And finallyyyyyy..... Today, the the day before my operation, my partner and I went for a really lovely lunch out together, a nice walk and stocked up on pana chocolate!! It's an organic dairy, sugar and preservative free brand but it's absolutely DELICIOUS!!

Now you're probably thinking this b*#~h is crazy but hey it's worked for me haha! I am going in to tomorrow feeling totally relaxed and confident in my decision.

Surgery done!

I had my surgery yesterday! I could not be feeling any happier! I'm on cloud 9. I can barely feel the lipo incisions at all, but I am oozing quite a bit. And my boobs are throbbing and sore but nothing I can't handle! I took a while to come round after the procedure and was on strong pain meds yesterday. But today I have just taken nurofen and Panadol. I will upload some pictures when I am able to take them. But so far so good!

Photos Day 3

Hi all!

Just posting another update with a couple of pictures. I'm less wacked out this time haha, I had to laugh reading back through my post op post. I was definitely high on painkillers! Sorry the pictures are not the best quality. My partner went back to work today so it just me at home, I couldn't get any good ones without assistance.
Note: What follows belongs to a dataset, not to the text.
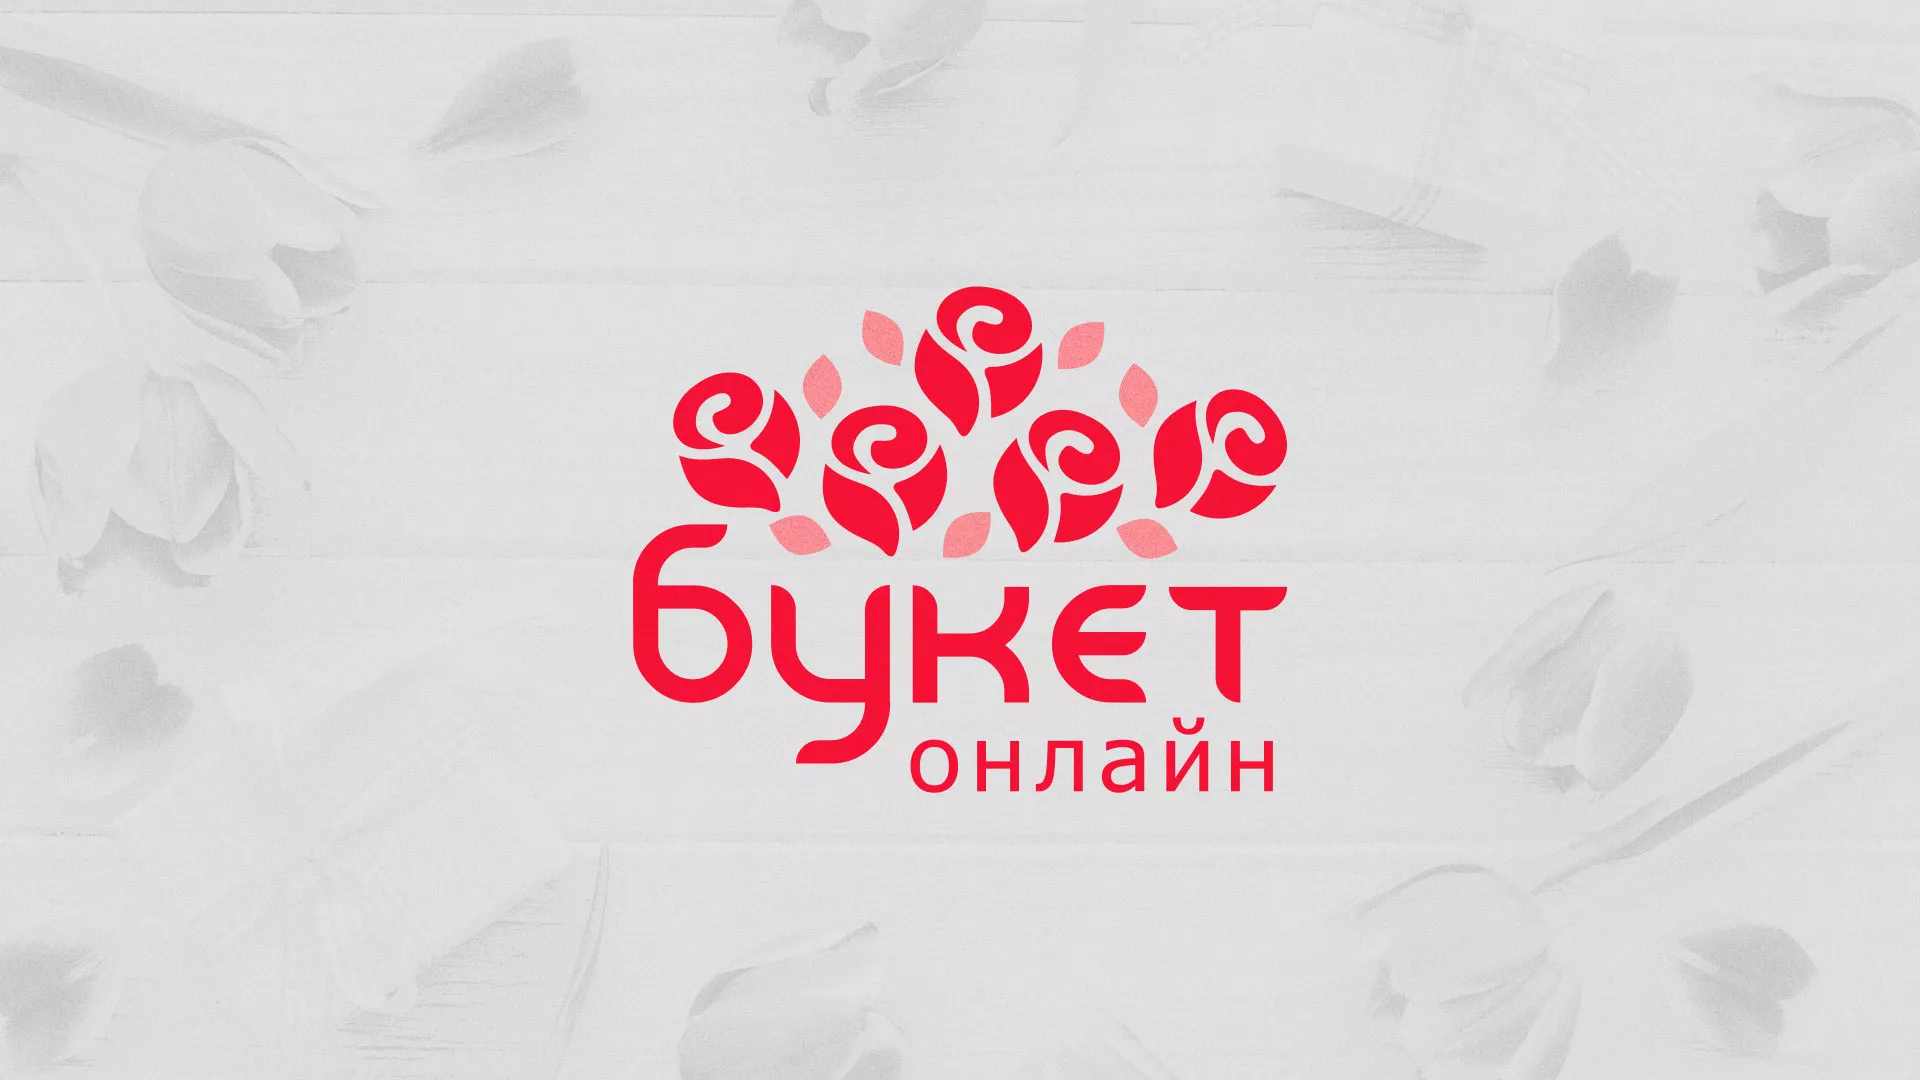 Создание интернет-магазина «Букет-онлайн» по цветам в Вилючинске

I ended up with 400cc ultra high profile round mentor implants in both left and ride side :-) So happy! When I first saw that implant size on his desk I thought wooooah that's massive and it was my biggest possible implant size. And now I have it in I think it's fits perfectly! I am so in love with the size and the shape and where he's put my nipples. I've had a sink wash today and took my garments off to do so. My thighs are very bruised and my incisions are oozy but the lipo looks amazing! Exactly what I wanted! I can't believe this is my body now. Aside from some aches and pains I feel super! I am having one tramadol and one sleeping tablet at night and then just Panadol during the day.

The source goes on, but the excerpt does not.